Rival British Christianities of the 17th Century

England’s Christian Revolution

A review of Christopher Hill’s The English Bible and the Seventeenth Century Revolution

by Gwydion M. Williams

One and a half millennia ago, the decaying Roman Empire took a totalitarian turn. Led by generals whose main aim was to raise enough taxes to keep the troops happy, it tried to impose control on all aspects of life, including religion. When a small but determined Near Eastern faith showed itself to be a fanatically determined hold-out, one of Rome’s rival dynasts chose to make a logical Historic Compromise. Constantine the Great recruited some of the many rival sects of Christianity into his state-building efforts.

Even though the Roman Empire collapsed in the West, Latin and Christian ideas were thereafter always tied together. Barbarians on the fringes of the Roman world – such as the Germanic settlers who overran Britain and became the English and Lowland Scots – received this Latin / Christian creed as a single complex well-developed package.

In the 17th century, the packaging had entirely fallen apart, and many ingenious Scottish and English minds began examining the different things that had previously been bundled together. In part, this had happened earlier, with the Renaissance freeing older Greek and Roman ideas from their Christian entanglements. And then with the Reformation, with dissident theologians like Luther rejecting Greek and Latin distortions of Christianity.

In the 17th century, people tried to go back to Christian ideas without the Latin and Greek entanglements. The trouble was, where do you stop? Plato and St Paul make extremely strange bed-fellows. Tertullian had logic on his side when he asked ‘What has Athens got to do with Jerusalem?’And while it was not of course Tertullian’s version of Christianity that was taken up by Constantine, he was looked as a valid theological source. Yet to to try to free Primitive Christianity from its entanglement with Greek Philosophy would imply all sorts of profoundly radical changes. Many people tried, with many unexpected and completely incompatible results.
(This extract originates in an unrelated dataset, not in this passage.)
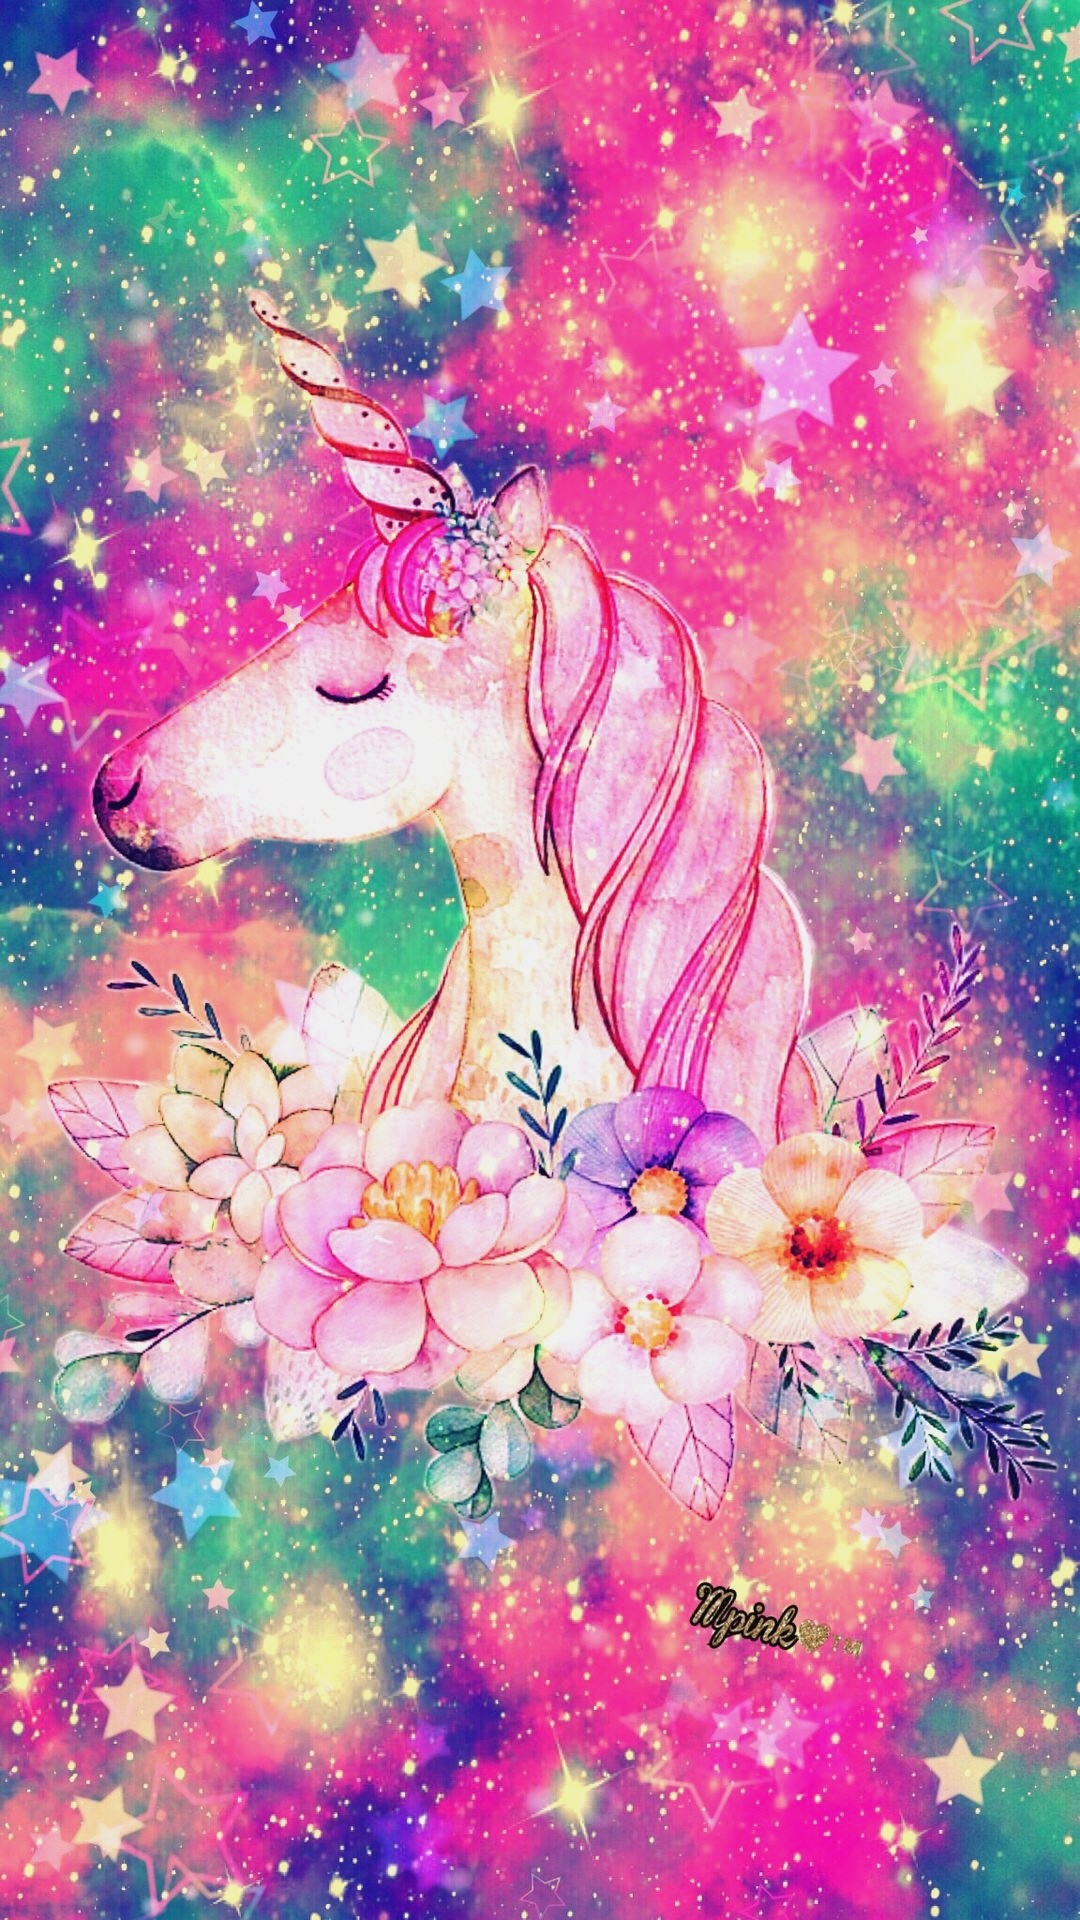 glitter wallpaper for girls,unicorn,fictional character,pink,mythical creature,illustration

Christianity in Western Europe had infiltrated existing societies and changed them gradually. But the continuous attempts by the Latin Church to impose control over secular rulers led them to support whatever Christian Dissident Movement might be going. The short-term greed of Church and State let loose creeds that were subversive of all of the things that both Kings and Popes believed in. Subversive even of themselves – a large part of the Civil War was fought between Cromwell’s version of a Christian Revolution and the rival versions of Levellers, Fifth Monarchy, Scottish Presbyterians etc.

When the various attempts at a Christian Revolution produced only chaos, moral confusion and civil war, a lot of clever people tried the opposite. The Enlightenment saw Greek and Latin ideas as the prime wisdom, retaining Christian forms only in as far as they matched 18th century notions of Reasonableness. I do not think that this would have happened without the previous attempt.

None of the above comes from Hill. In as far as he says anything about the historic build-up to his subject, he concerns himself with technical matters. The origins of the English translation with William Tyndale. The Geneva Bible, with its subversive anti-monarchical marginal notes. The Bishops Bible, that only really appealed to Bishops and never circulated in cheap versions that might educate the uneducated. The King James Authorised Version, which used as much of Tyndale and the Geneva Bible as was not directly subversive. The wider social context is ignored.

Hill, like many other Marxists in the Communist Party tradition, seems to have become a complete Nowhere Man. To put it biblically ‘there is nothing new under the sun’. Yet this is not in fact true at all. Some present-day oaks can be seen ‘in acorn’ back in the 17th century, while others are moribund or vanished. A great deal has changed, and is changing all the time. Hill’s depressing Nowhere Man view is best ignored.

Years back, I heard Brendan Clifford say that it did not in fact matter who educated the educators. What mattered was who educated the uneducated.

If you want to really understand what was going on in 17th century Britain, look to what is happening right now in the Islamic world. For non-Muslims, it has about as much appeal as Cromwell had for the Irish. But in its own terms, it is a very necessary process of clarification and resolution. The chance to quietly subvert Islamic faith was messed up by Western hostility to anything even mildly progressive or nationalistic. Idiot tricksters with an eye only for short-term interests have guaranteed that Muslims are not going to quietly slide into a secular view of things. They’ll have to make their own messes and run their own societies into all sorts of dead ends before that can happen.

[I wrote this some time in the 1990s, but never quite completed it. What it said about Islam has been amply confirmed by later events.]